If the users of the library just need dynamic library, then they do not need this feature, since clang is already able to do that.

Can you give me an example how this shared library is produced?

However, clang is not able to generate a static library for that purpose. This is what this feature is trying to achieve.

So basically this patch will link the device code in these HIP programs, generate device ISA, and create a host object containing the ISA, and add the host object to the generated static library. This is exactly what clang does for -fgpu-rdc when generating a shared library. The only difference is that, instead of generating a shared library, now clang generates a static library.

Can you give me a small example of using clang to generate such .so ? If this approach relies on compiling multiple *source* files at once, that will have practicall use issues. If it can be done on .o as inputs, then it may be OK.

ashi1 added a comment.May 12 2020, 7:35 AM
In D78759#2014185, @tra wrote:

The purpose of this patch is to generate a static library that can be used as an "ordinary" static library, i.e., can be linked by a system linker, given a bunch of HIP programs that need -fgpu-rdc to compile.

This is a common use case for a library written with HIP. That is, the library provides a bunch of host APIs so that other C++ programs can use it. The library does not provide device code that need to be linked with the user's device code. The users want to use it as an ordinary host library.

Is the intention that all GPU-side code inside this library is linked together, even though individual sources are compiled to object files?

Is there a way to compile .hip ->.o with GPU-side object and then
link together GPU objects from multiple such .o files into a single .o with partially linked host object and fully linked GPU code?

When clang detects the .o files are clang-offload-bundle or host object, it will extract the bitcode and link them and generate ISA, then create a host object containing it, then link them together. We can link multiple objects together to create either a shared library or a static library (with this patch).

If the users of the library just need dynamic library, then they do not need this feature, since clang is already able to do that.

Can you give me an example how this shared library is produced?

In a ROCm project, RCCL is building the shared library using -fgpu-rdc. That project compiles sources using -c and -fgpu-rdc, and then links them together into a shared library. We require this patch to allow them to produce a static library too.

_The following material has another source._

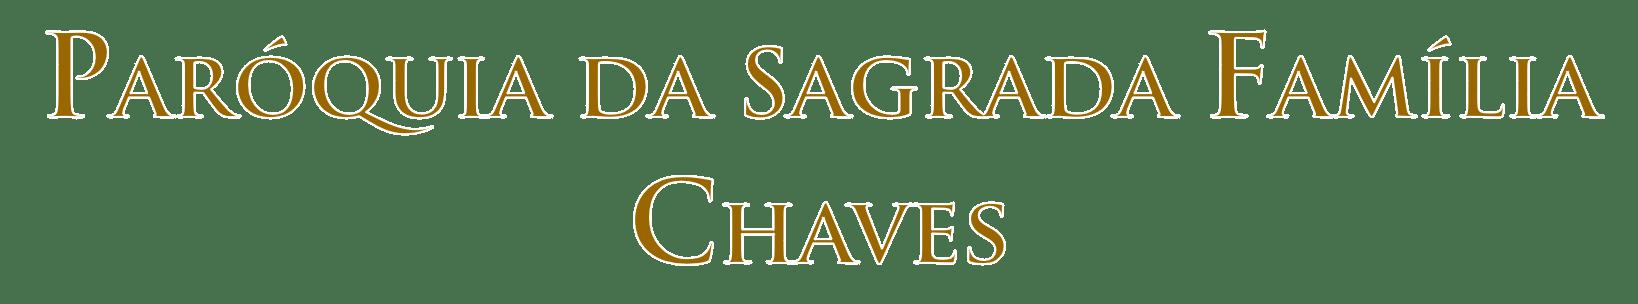 Paróquia da Sagrada Família Chaves
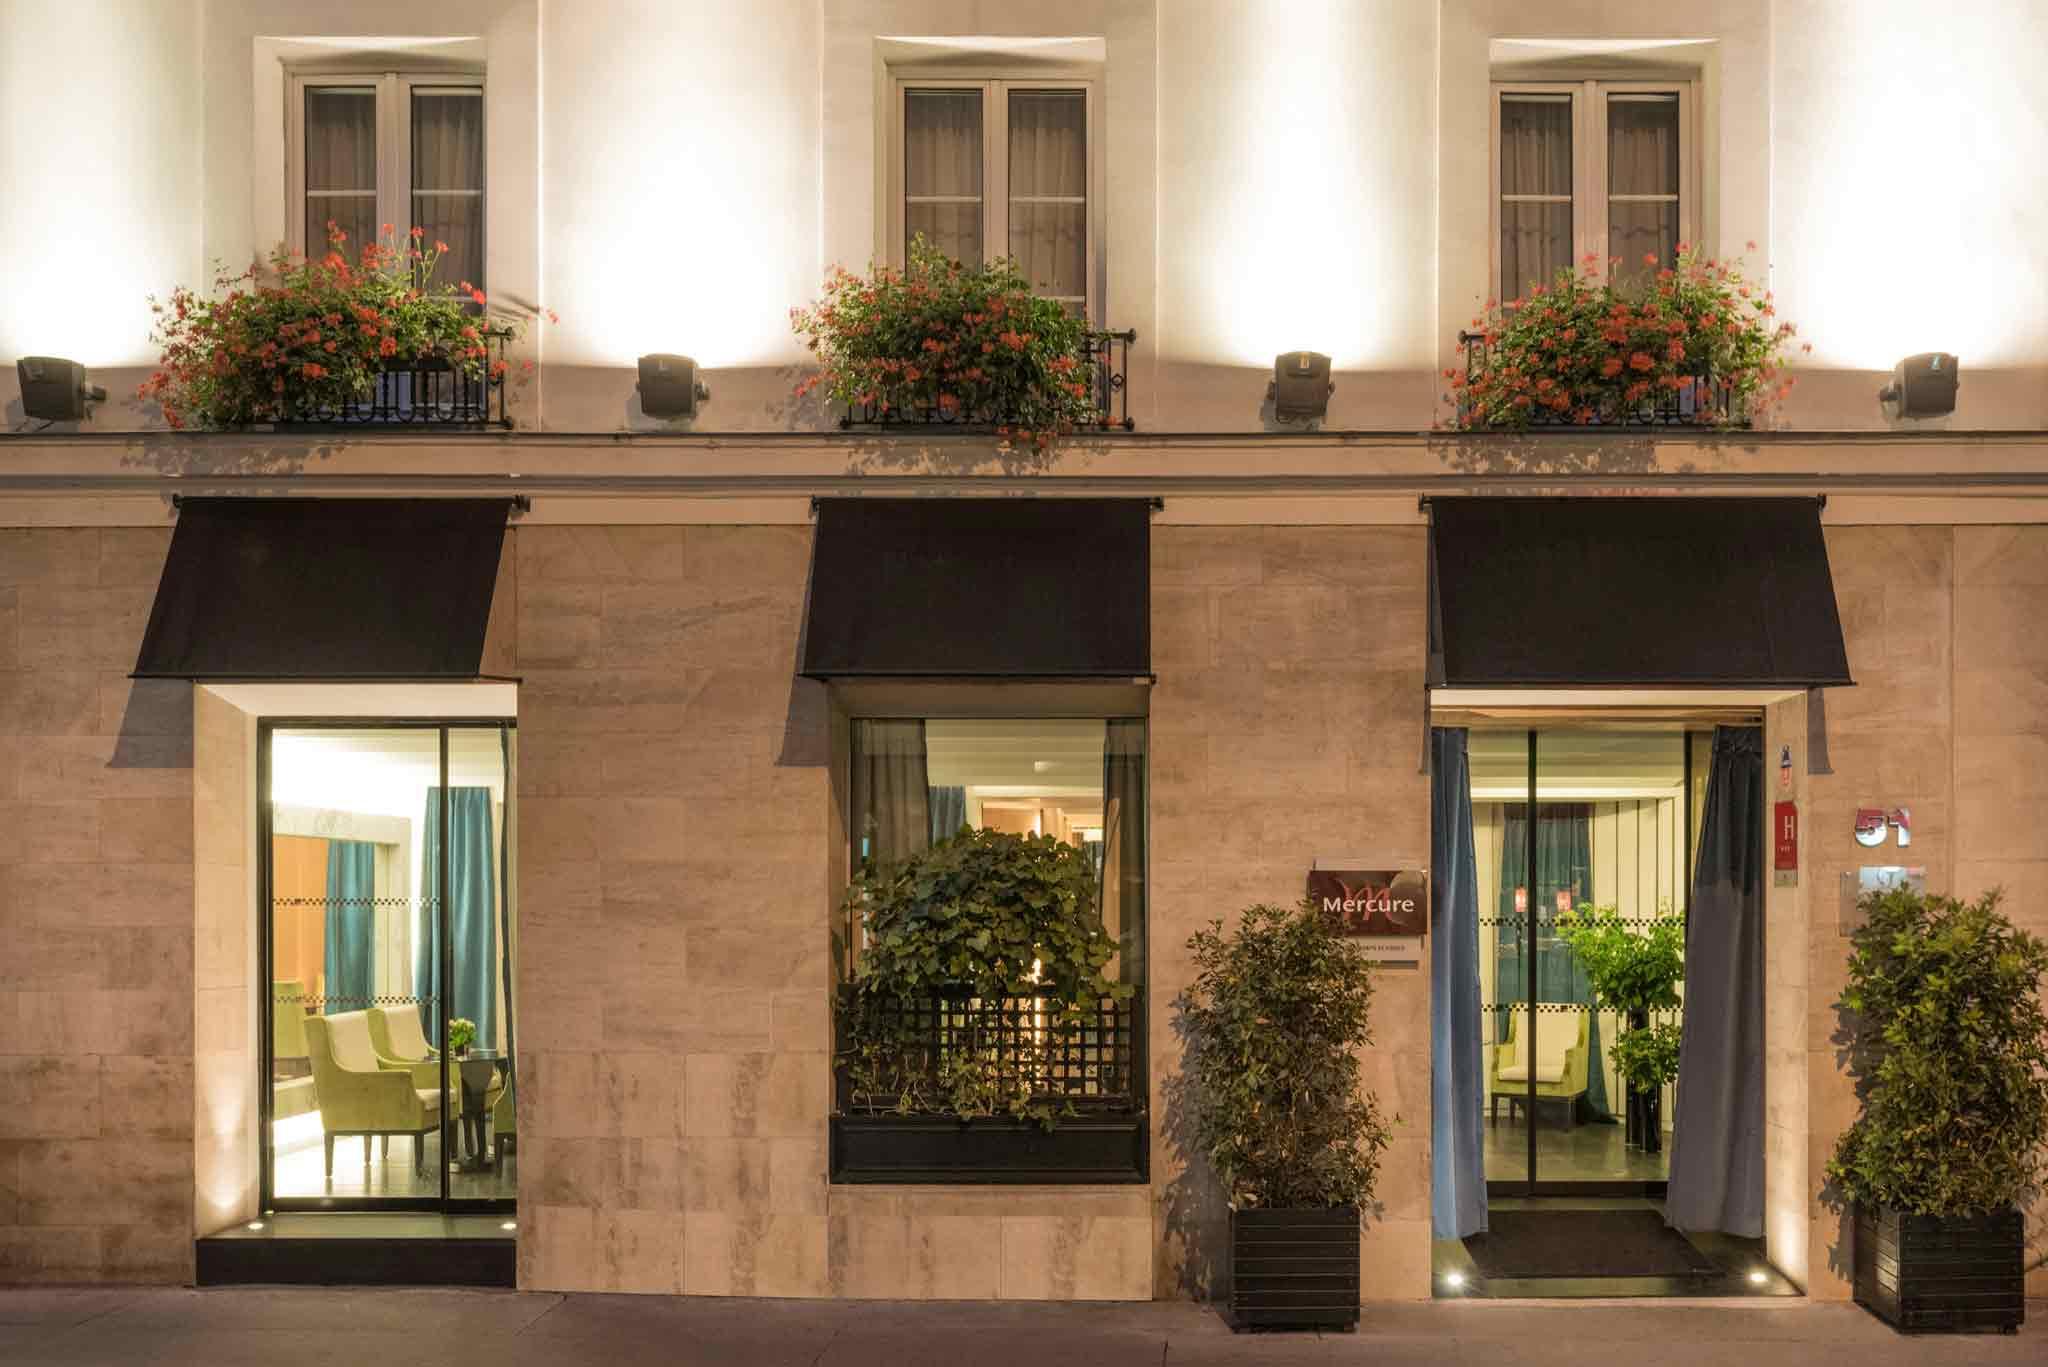 Mercure Paris Champs Elysees Hotel Paris France

However, clang is not able to generate a static library for that purpose. This is what this feature is trying to achieve.

So basically this patch will link the device code in these HIP programs, generate device ISA, and create a host object containing the ISA, and add the host object to the generated static library. This is exactly what clang does for -fgpu-rdc when generating a shared library. The only difference is that, instead of generating a shared library, now clang generates a static library.

Can you give me a small example of using clang to generate such .so ? If this approach relies on compiling multiple *source* files at once, that will have practicall use issues. If it can be done on .o as inputs, then it may be OK.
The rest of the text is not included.